• _Available data_:
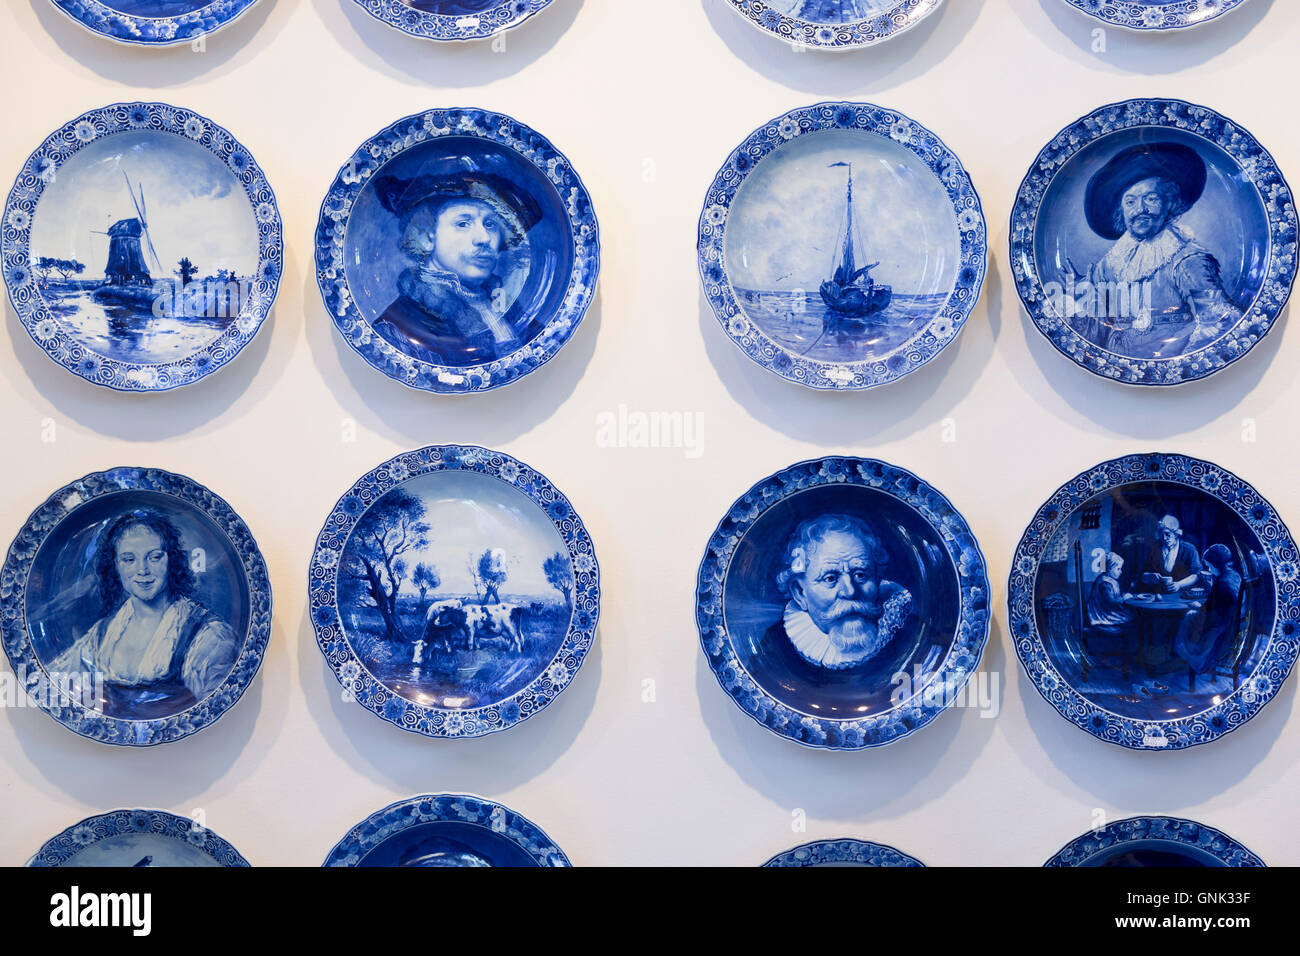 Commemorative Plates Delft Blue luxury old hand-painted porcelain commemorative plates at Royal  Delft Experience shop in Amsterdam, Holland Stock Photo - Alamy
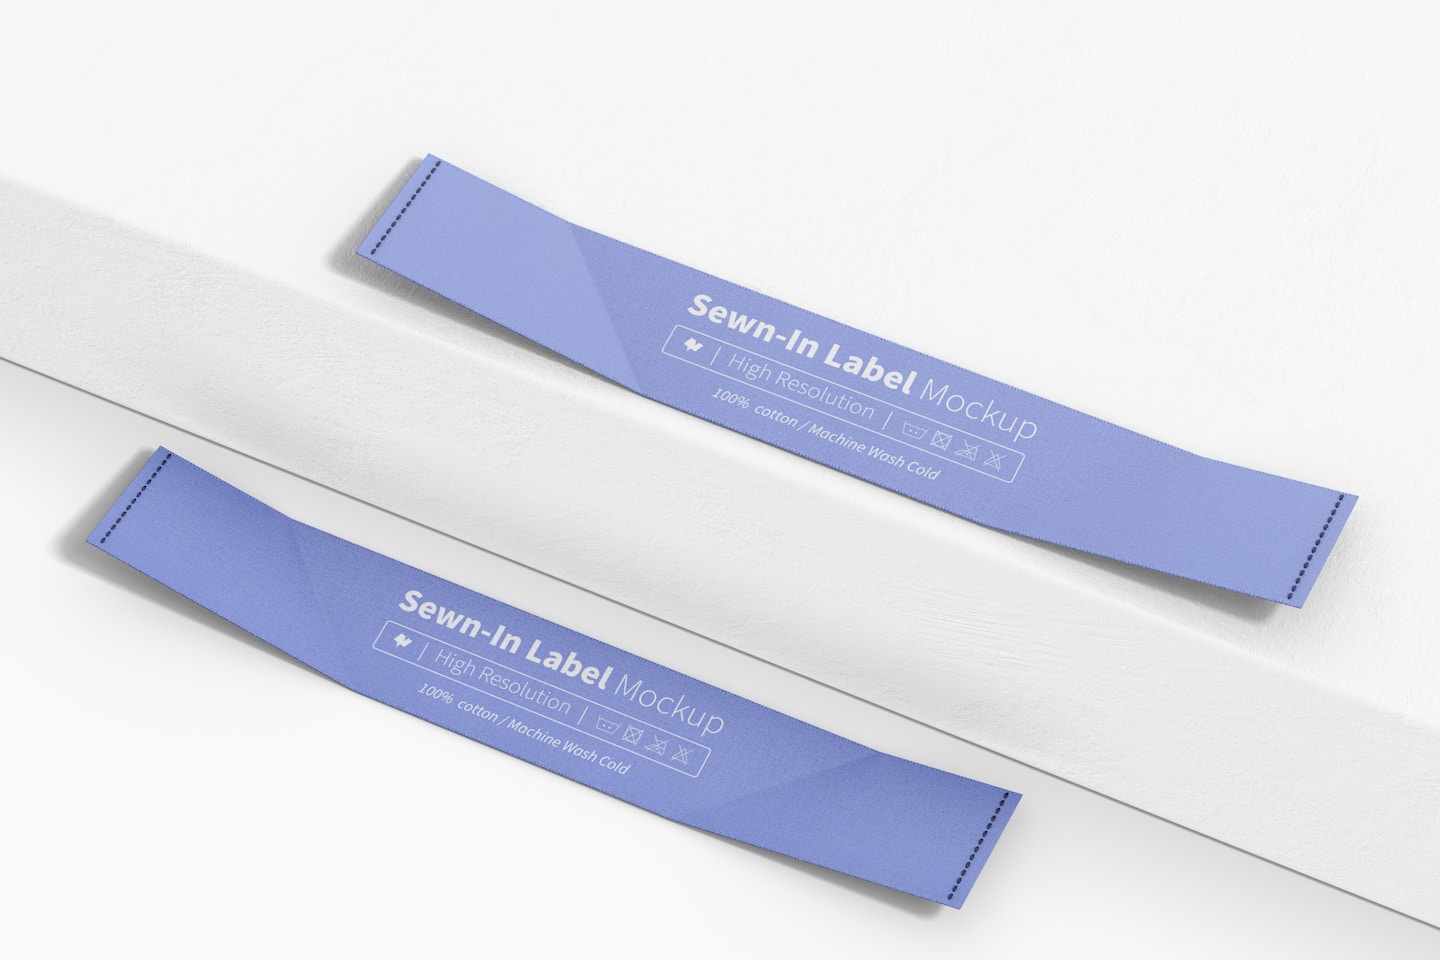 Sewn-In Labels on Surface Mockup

...

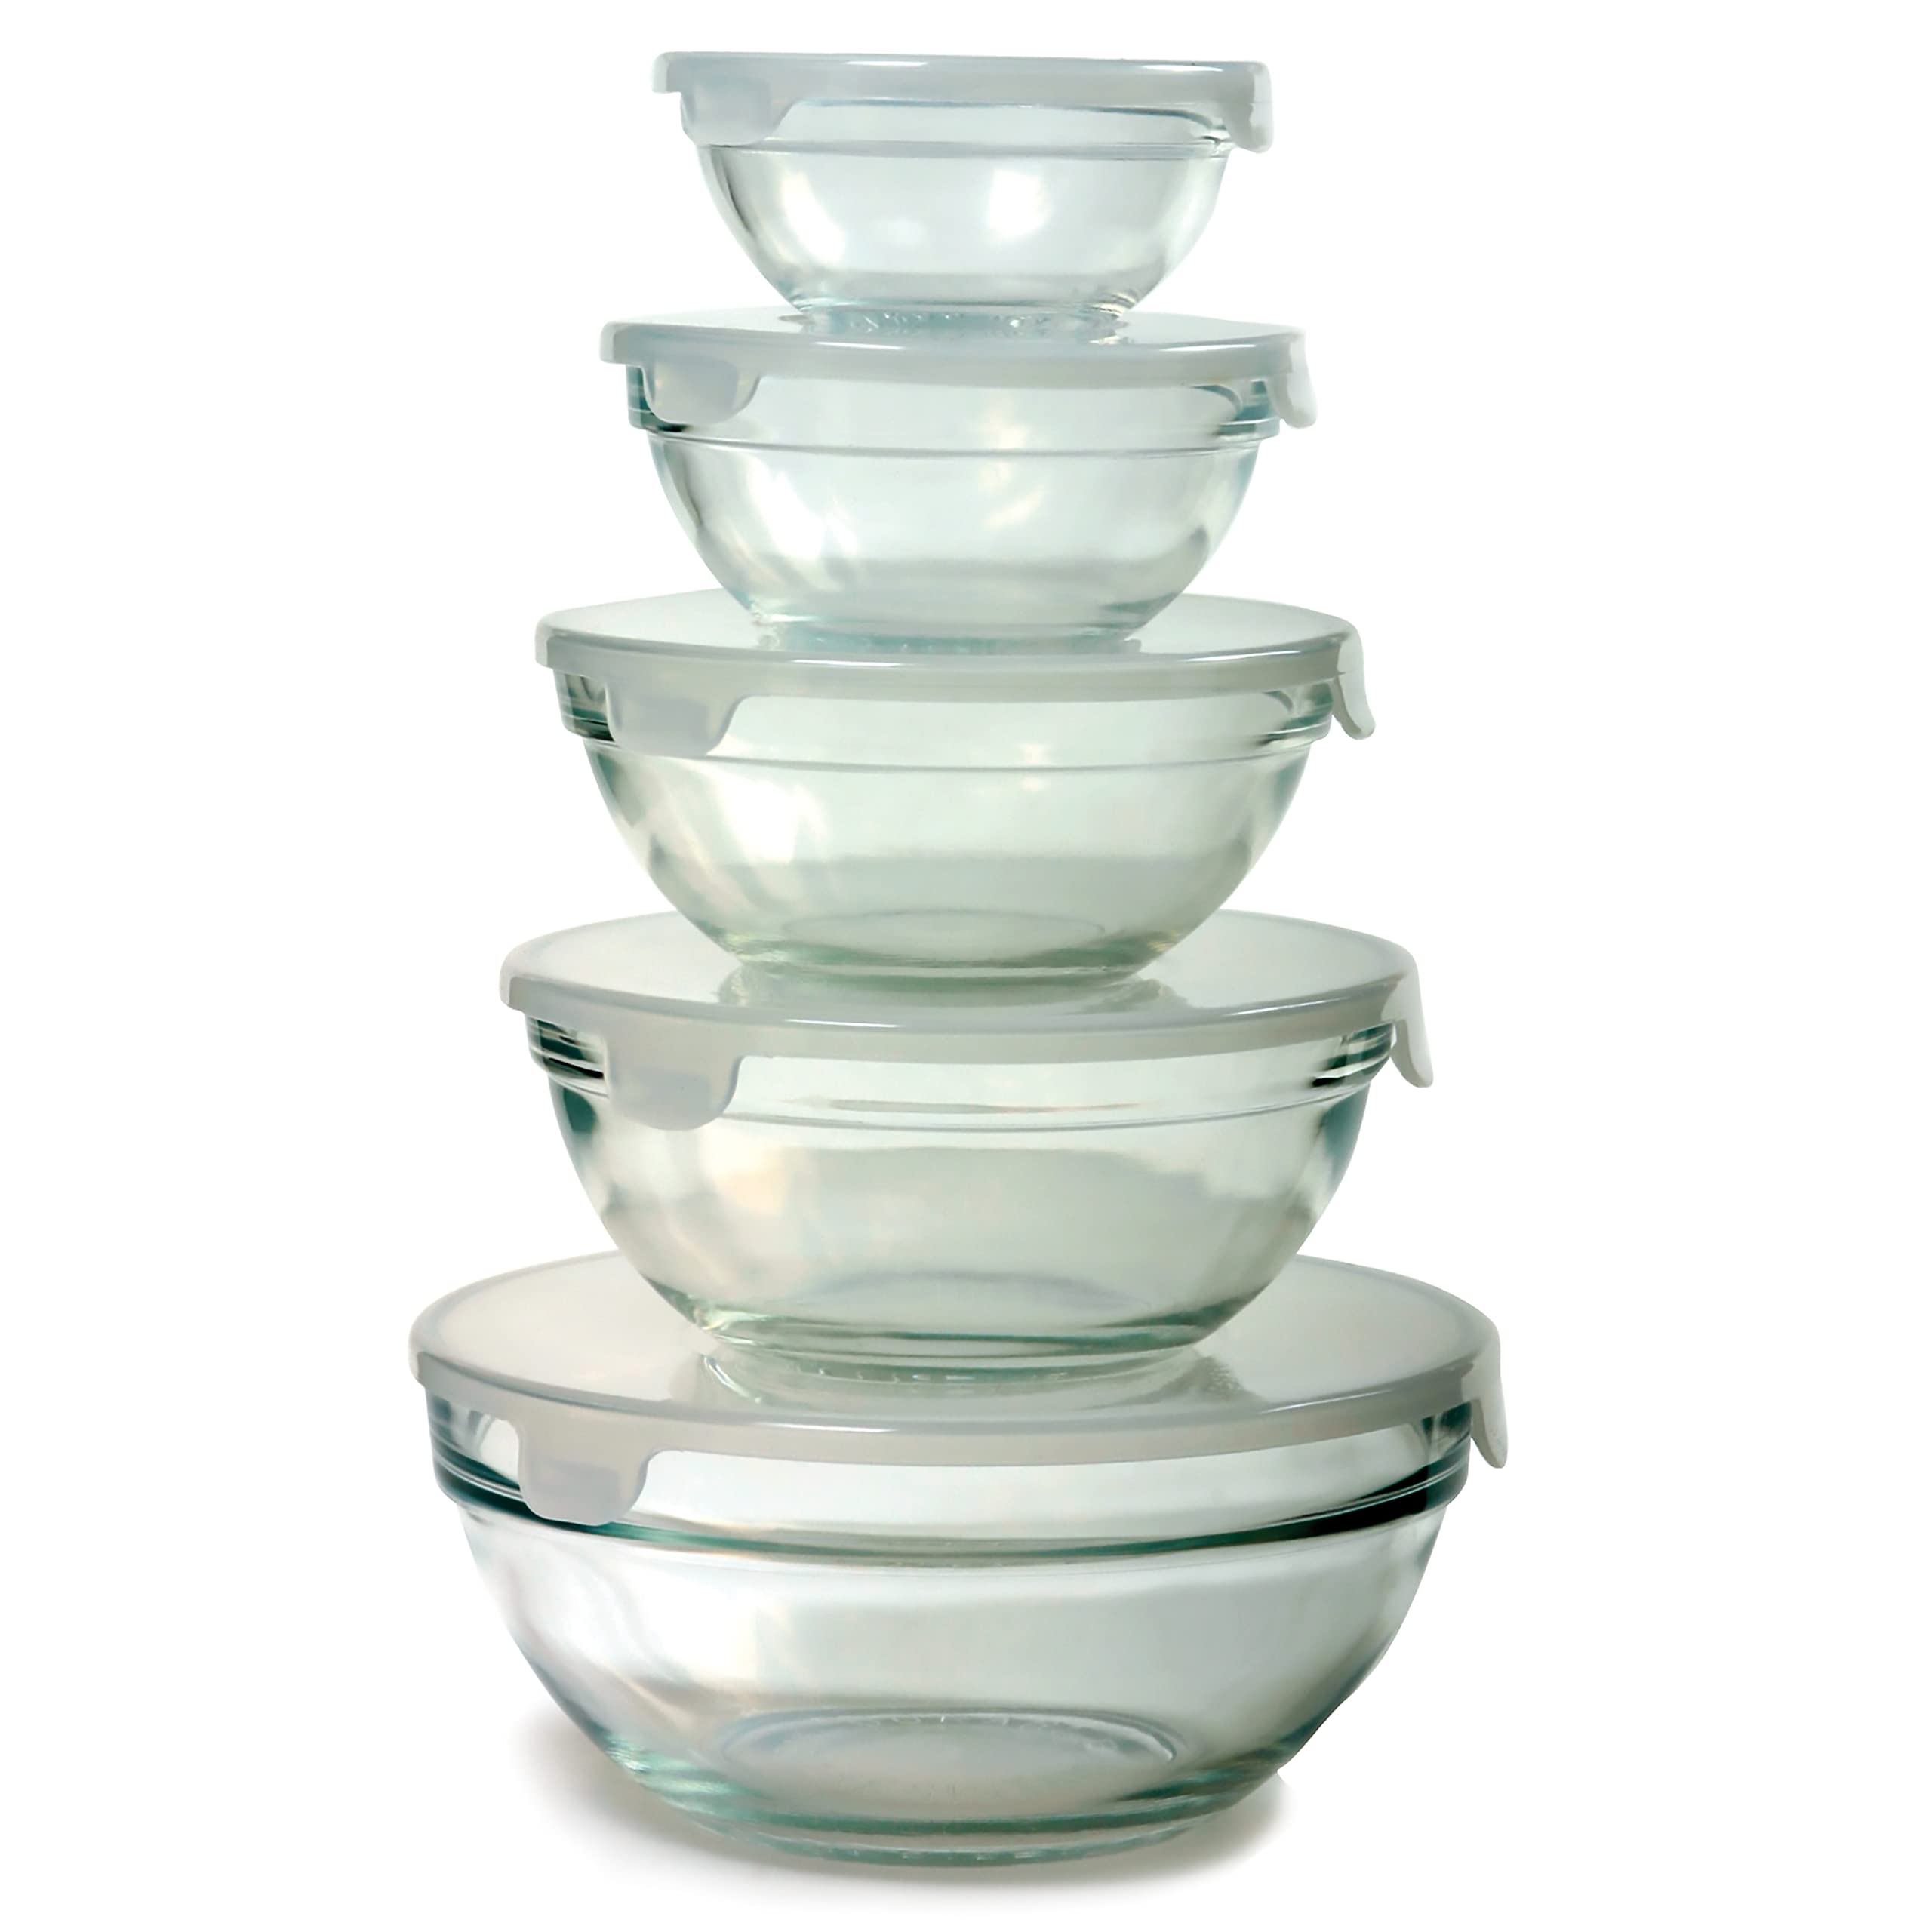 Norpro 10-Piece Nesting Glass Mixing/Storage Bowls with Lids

--

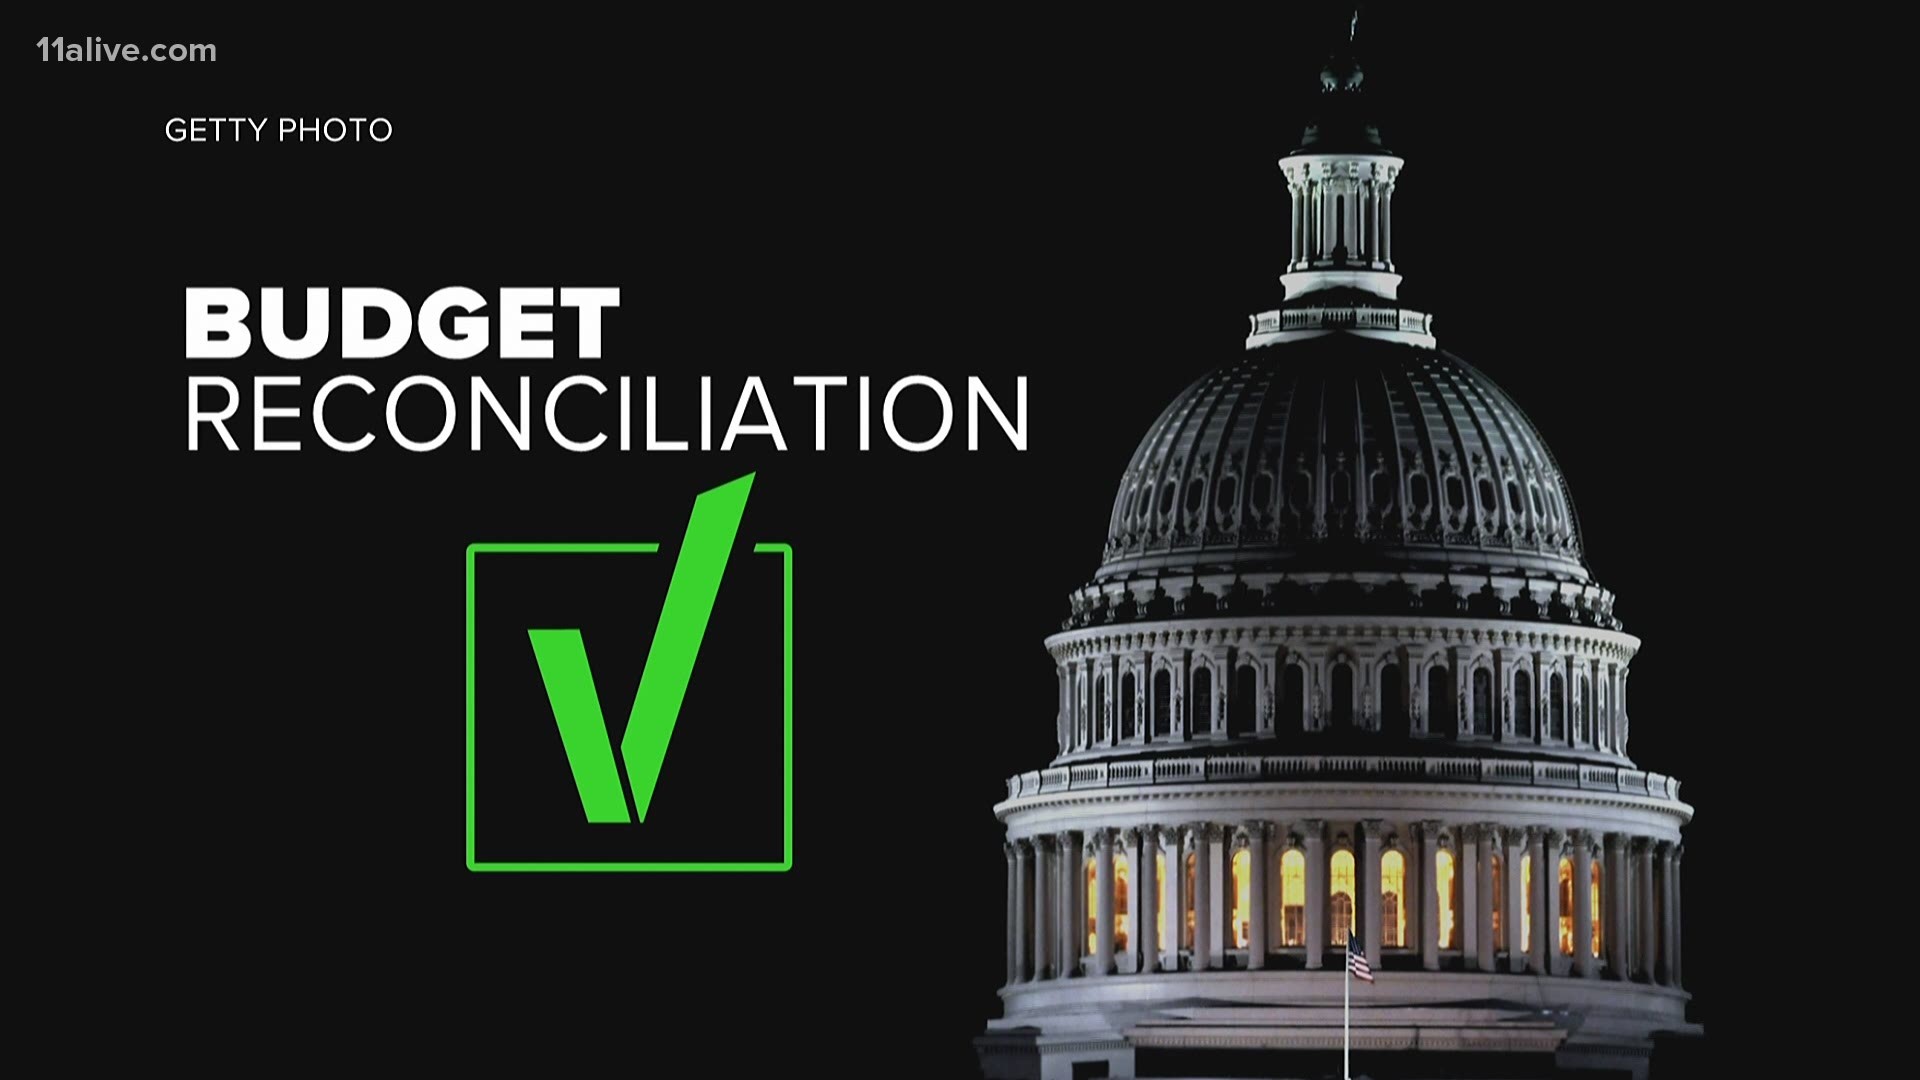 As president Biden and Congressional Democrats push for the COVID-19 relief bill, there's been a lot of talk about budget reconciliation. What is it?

• _Aim of the exercise_:
Keep to the stretch from the line containing "Commemorative Plates Delft" through the line containing "Sewn-In Labels on Surface Mockup", both ends included, and copy it exactly from the listing above, minus the pictures.

• _Answer space_:
 Commemorative Plates Delft Blue luxury old hand-painted porcelain commemorative plates at Royal  Delft Experience shop in Amsterdam, Holland Stock Photo - Alamy
 Sewn-In Labels on Surface Mockup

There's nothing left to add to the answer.